CUPERTINO, California, January 2026 — Apple is actively investigating the use of 3D-printed aluminum components for future iPhones and Apple Watches, according to people familiar with the company’s supply chain and manufacturing experiments.

The initiative focuses on additive manufacturing techniques—commonly known as metal 3D printing—to produce aluminum chassis parts, frames, or structural elements with greater design flexibility and potentially lower waste than traditional CNC machining.

Sources indicate Apple has been testing prototypes in secret facilities and working with select suppliers capable of high-precision metal powder bed fusion.

3D printing aluminum could allow more complex internal geometries, lighter weight structures, and faster iteration on new designs. It would also reduce material waste compared to subtractive methods currently used for iPhone frames and Apple Watch cases.
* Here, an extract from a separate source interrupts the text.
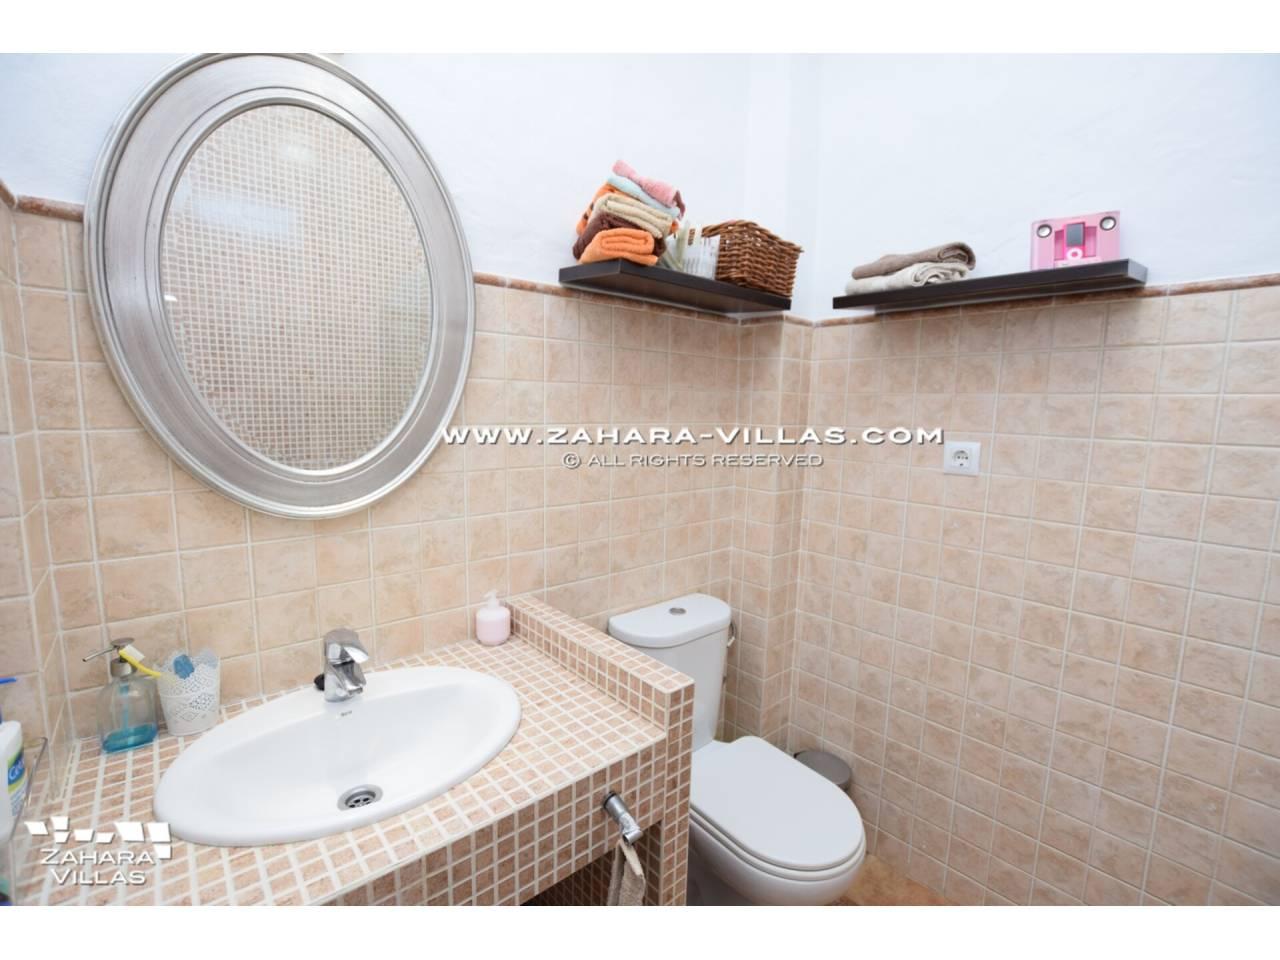 Imagen 7 de Haus zum verkauf in Zahara de los Atunes

However, challenges remain: current metal 3D printing processes are slower, more expensive at scale, and produce parts with slightly different mechanical properties (such as fatigue strength) than forged or machined aluminum.

The exploration is part of Apple’s long-term push to innovate in materials and manufacturing. The company already uses titanium in premium models (iPhone 15 Pro and later) and has experimented with carbon fiber, ceramic, and other advanced materials.

A shift to 3D-printed aluminum would mark one of the first high-volume consumer electronics applications of the technology at this scale.

Apple has not confirmed the reports or provided a timeline. Any production-scale adoption would likely appear in models several years away, possibly in the iPhone 18 or 19 series or future Apple Watch generations.

The move aligns with broader industry interest in additive manufacturing for consumer devices. Samsung and other manufacturers have explored similar techniques, though none have reached mass production for flagship phones.

If successful, the approach could reduce manufacturing costs over time, improve sustainability by minimizing material waste, and enable new design possibilities—such as integrated heat dissipation structures or thinner bezels.